**Exercise prompt**. Quote the whole listing word for word. Do not include the pictures.

**Data segment**.

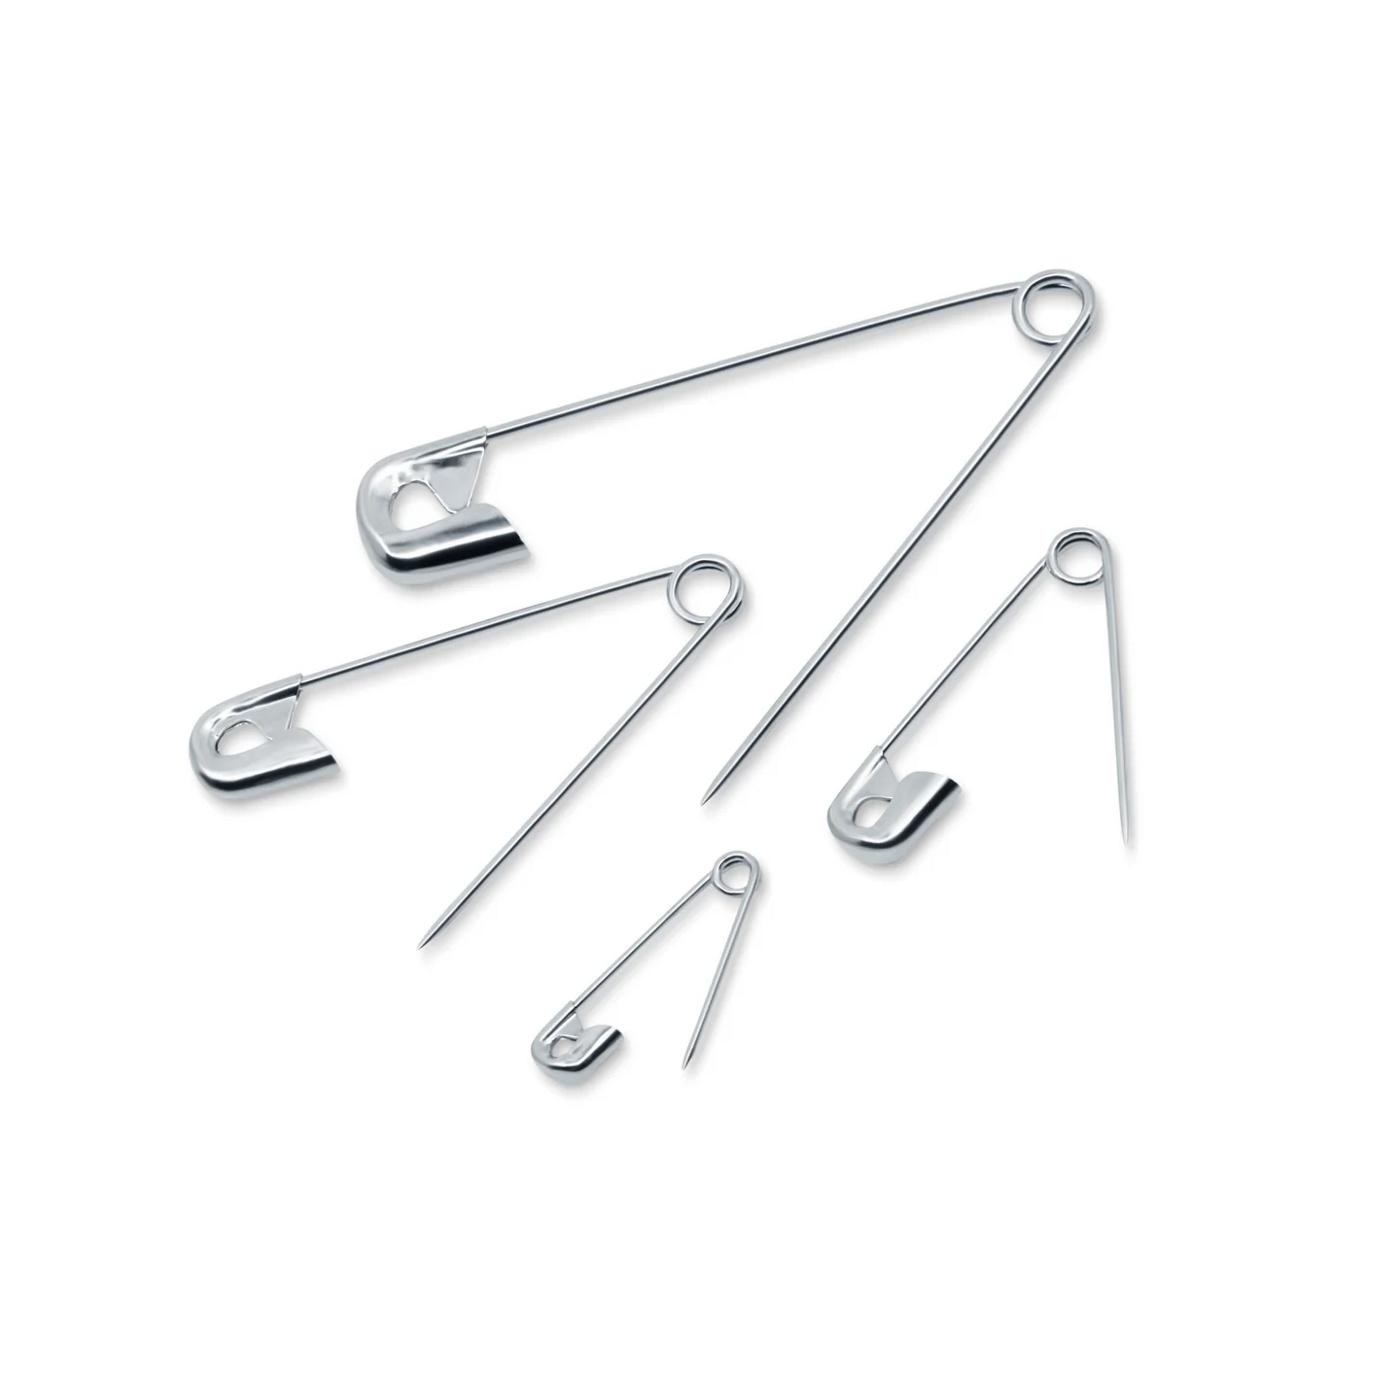 Dritz Assorted Safety Pins; image 2 of 4
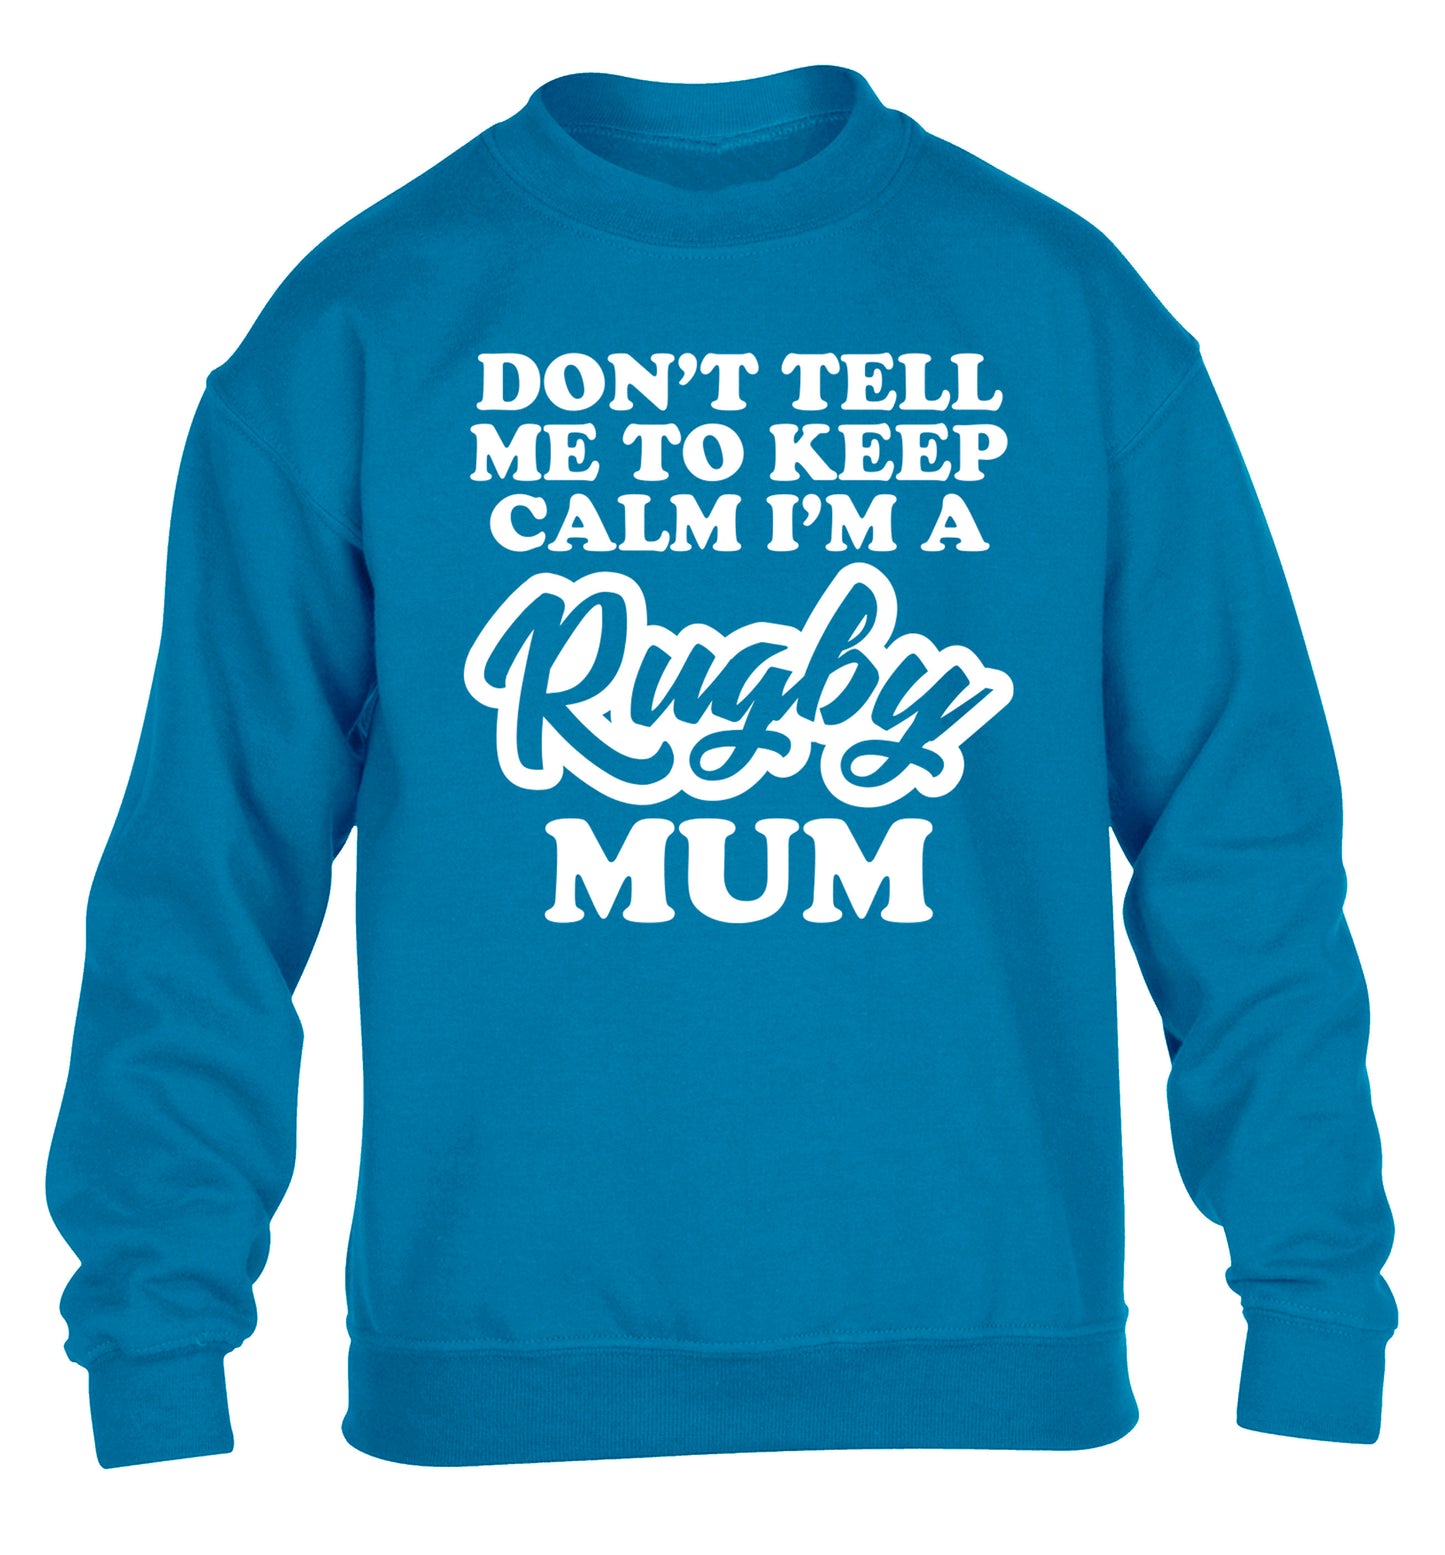 Don't tell me to keep calm I'm a rugby mum children's blue sweater 12-13 Years
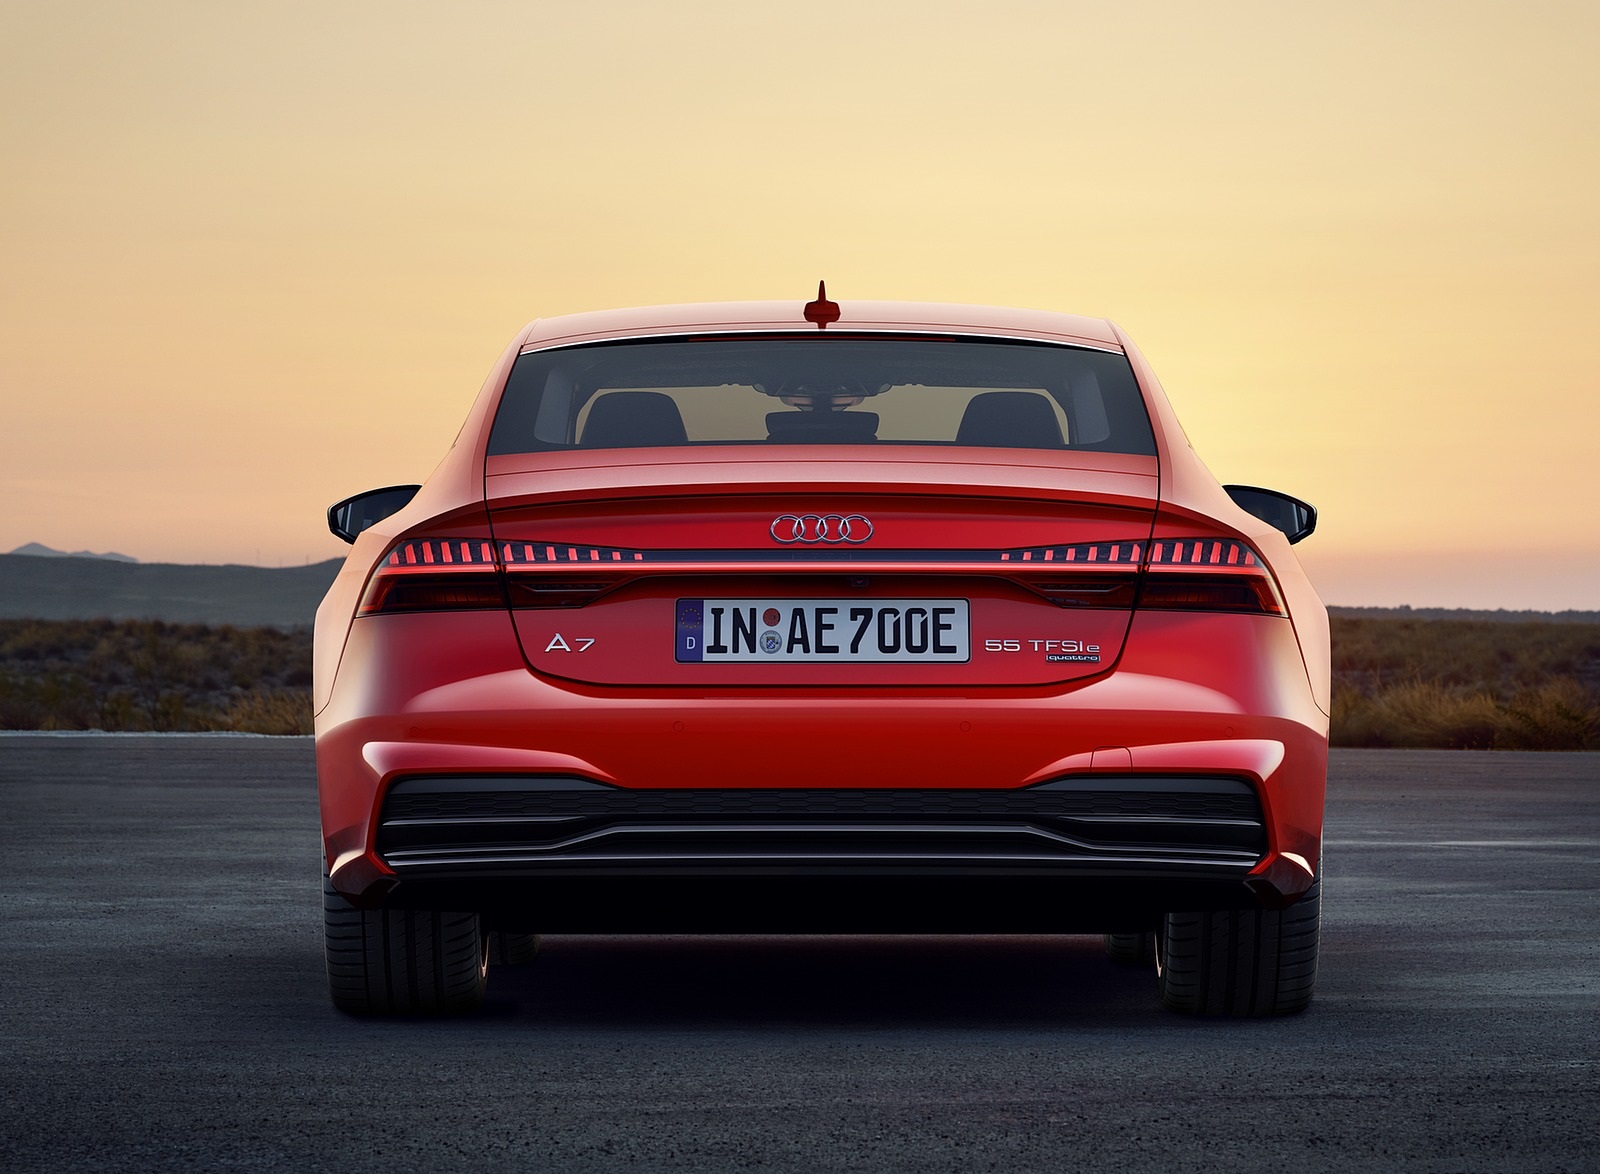 2020 Audi A7 Sportback 55 TFSI e quattro (Plug-In Hybrid Color: Tango Red) Rear Wallpapers #72 of 73

**Written solution**.
 Dritz Assorted Safety Pins; image 2 of 4
 Don't tell me to keep calm I'm a rugby mum children's blue sweater 12-13 Years
 2020 Audi A7 Sportback 55 TFSI e quattro (Plug-In Hybrid Color: Tango Red) Rear Wallpapers #72 of 73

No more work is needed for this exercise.